Vascular surgeons plan most arterial bypass grafts on the basis of experience and intuition: only after surgery is there a way to tell whether an artery has been grafted to the place best suited to restore blood flow with minimal complications. But a group led by Charles Taylor, a Stanford University mechanical engineer who studies the human vascular system, is proving the power of an experimental software system that lets surgeons “sketch” several possibilities and preview the likely results before making a single incision.
The process starts with the collection of three-dimensional nuclear magnetic resonance data that describe the patient’s anatomy-the exact shape of the coronary or carotid arteries, for instance-along with snapshots of blood flow at various points. Taylor’s software converts the anatomical data into a numerical “mesh” that represents the vessels, and surgeons use computer-aided design to add hypothetical bypass grafts to the mesh. Next, a supercomputer applies fluid dynamics equations to the original flow data, producing a color-coded simulation of blood coursing through the newly configured mesh. By using the simulations to test a variety of graft placements, surgeons can plan operations that don’t inadvertently create areas of low blood flow, a cause of clotting that can lead to heart attacks and strokes.

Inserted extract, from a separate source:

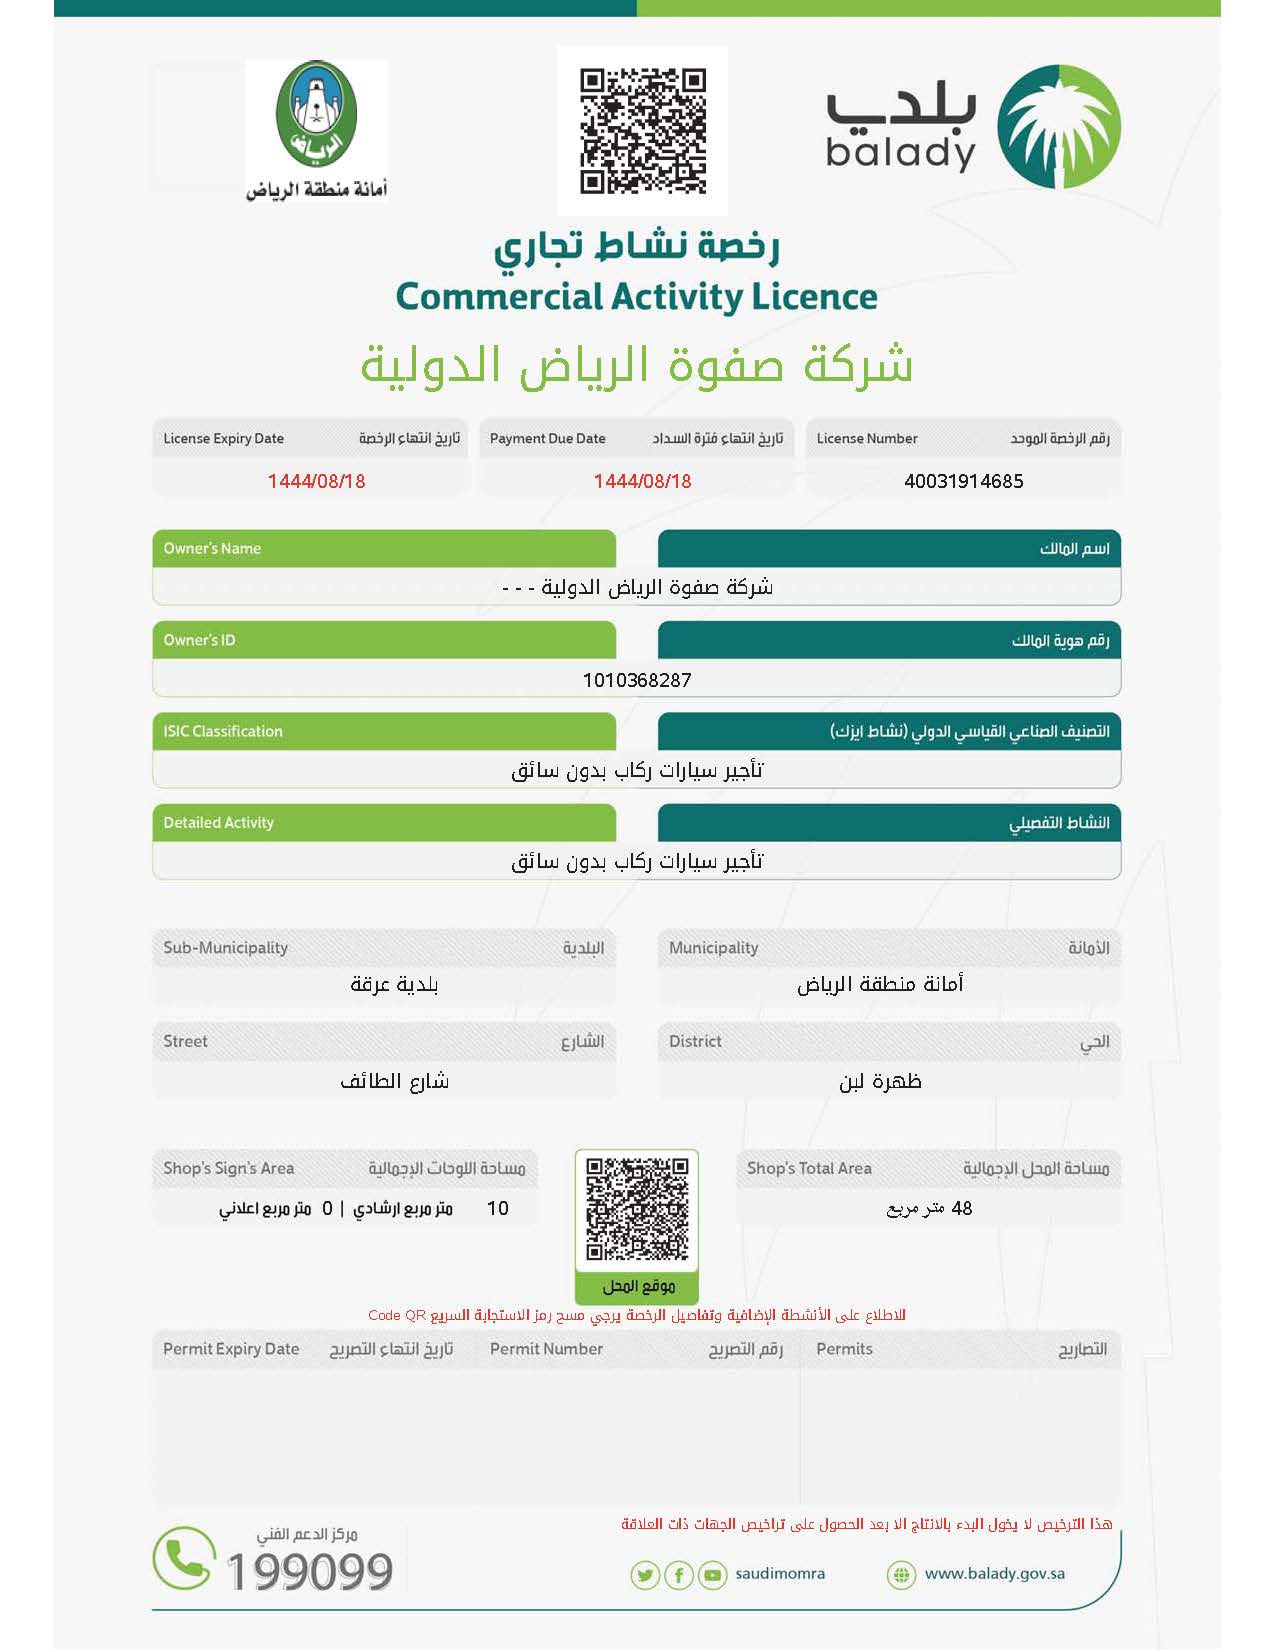 البلديات Page 02 One of the leading companies and a significant number in all its fields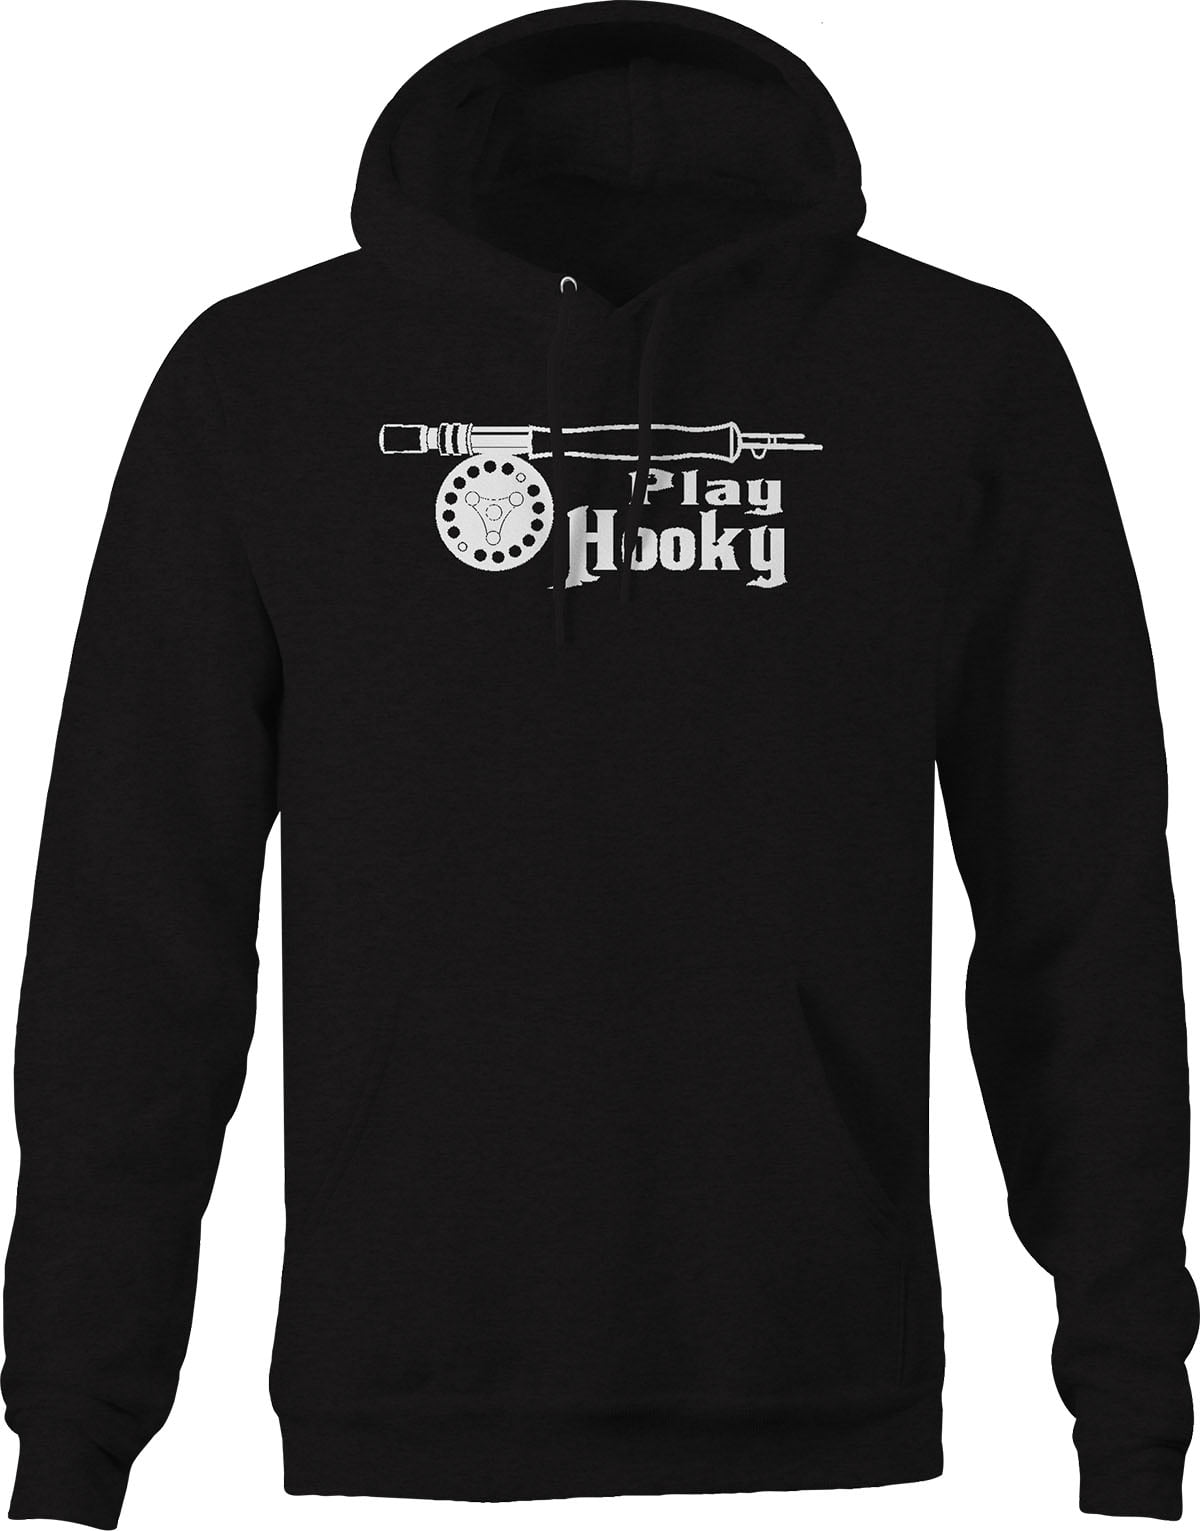 Play Hooky Funny Fishing Fleece Sweatshirt for Men 2XL Black

In retrospective comparisons of data from two human patients who received bypasses in their lower extremities, the system’s suggested predictions “probably would have changed how the procedures were performed,” says Taylor, who hopes that within five years he’ll have made the simulations fast and reliable enough for regular use in surgical planning. He says that “10 or 20 years from now every single [cardiovascular] patient is going to be treated this way.”